*Deaths: Unintentional injuries are the leading cause of death in children from 1-21 years of age. However, deaths are still a rare event. Even so, they are relatively easy to count accurately, given the sophisticated vital statistics surveillance system in the United States. These records are maintained by the National Center for Health Statistics, CDC
*Nonfatal: These are much less rare, but are more difficult to count accurately, since injured children are treated at so many types of sites by so many types of health care professionals. Very few national surveillance systems exist for such data. The Department of Transportation (National Highway Traffic Safety Administration) maintains the Fatal Accident Reporting System for fatal traffic-related events, and its companion General Estimates System to estimate the number of nonfatal traffic-related events. The U.S. Consumer Product Safety Commission maintains the National Electronic Injury Surveillance System to monitor hospital emergency department visits for product-related injuries.
Who is at-risk?
Each type of injury has a particular demographic pattern, which is determined by:
*Developmental level of the child: physical, mental, emotional
*Prevalence of the threat in that community (e.g., all-terrain vehicles, backyard swimming pools, firearms, kerosene heaters, etc.)
*Access to and use of environmental countermeasures (e.g., bike helmets, smoke detectors)

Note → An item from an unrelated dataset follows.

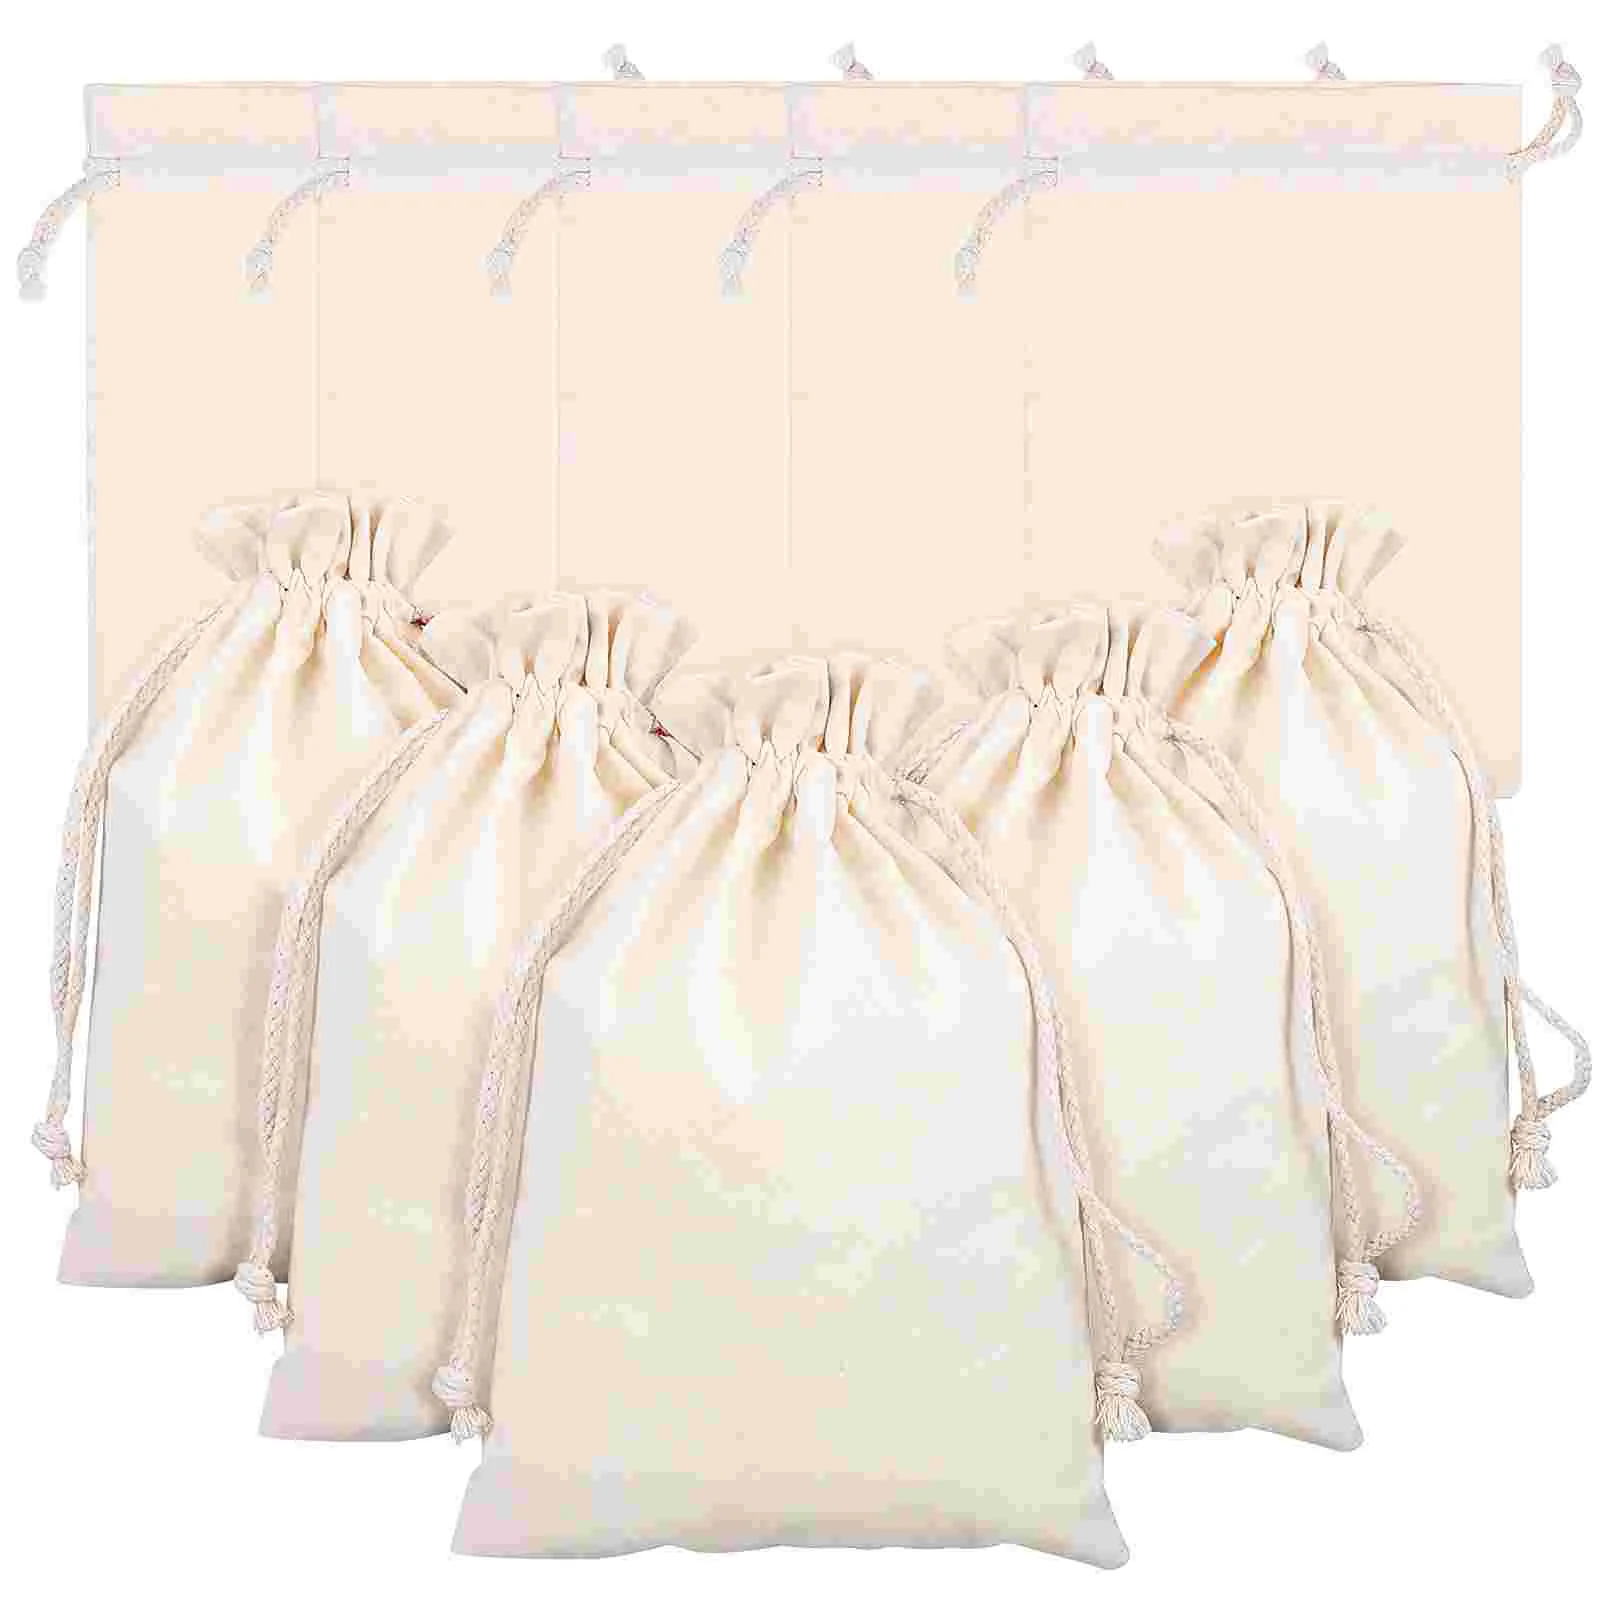 

Cotton Cloth Bags Drawstring Reusable Muslin Bag Portable Storage Bags Blank Cotton Bundle Pocket

*Importance of supervision in avoiding the threat, relative to the degree provided (e.g., toddler living in a low-income apartment complex with an in-ground swimming pool that lacks protective fencing, with a 5-year supervising the toddler)
Several demographic features are common to most types of injuries. The injury rates are greatest in those with:
*Low socioeconomic status, especially urban African-American children and American Indians/Alaska Natives
*Males
The principal exception to this is young motor vehicle occupants before adolescence, in whom the male:female ration is nearly unity.
What are the leading causes of fatal injuries?
*Overall, motor vehicles, fires/burns, drowning, falls, poisoning.
What determines what body site(s) are injured?
Injury-specific. For example:
*Motor vehicle--blunt thoracoabdominal trauma, head injuries
*Sports--extremity fractures, sprains, and strains
*House fires--body burns, inhalation injuries
*Near-drowning--coma, brain damage
*Falls--head injuries, fractures, blunt trauma
*Poisoning--coma, kidney failure, etc.
Was the child a projectile?
*Head injury quite likely
*Bicycle-motor vehicle collision, falling forward over the handlebars
*Unrestrained occupant in a motor vehicle collision, thrown forward through the windshield or ejected from vehicle unto roadway
Where do injuries occur most commonly?
Locations and conditions associated with possible danger are:
In the home:
*Water--kitchen, bathroom, backyard swimming pool
*Intense heat or flames--kitchen, backyard barbecue pit
*Toxic agents--under the kitchen sink, bathroom medicine chest, mother's purse, garage
*High potential energy--stairwells, loaded firearms
At school:
*(Related to sports activities (especially in the absence of proper gear)
*Carrying of weapons
*Industrial arts classes
After school:
On the job:
*Hostile relationships in work environment
*Use of machinery
During transport:
*Motor vehicle crashes (especially if unrestrained or if driver has been drinking alcohol)
*Bicycle crashes
*Pedestrian injuries
What criteria determine the priority level for each type of childhood injury?
High mortality rate or hospitalization rate
*High long-term disability rate, especially mechanisms likely to result in head and spinal cord injuries
*Existence of effective countermeasure
In other words, the highest priorities are assigned to those types of injuries which are common, severe, and readily preventable.Often, however, the only difference between a nonfatal and fatal event is only a few feet (e.g., pedestrian injury which results in fracture rather than massive trauma), a few inches (gunshot wound to the arm instead of the head), or a few seconds (as in the survivor of a near-drowning event). Therefore, each nonfatal event that involves a great mismatch of momentum must be taken very seriously. Surveillance of nonfatal injuries would be appropriate to help determine risk factors and possible interventions, as a proxy for fatal events.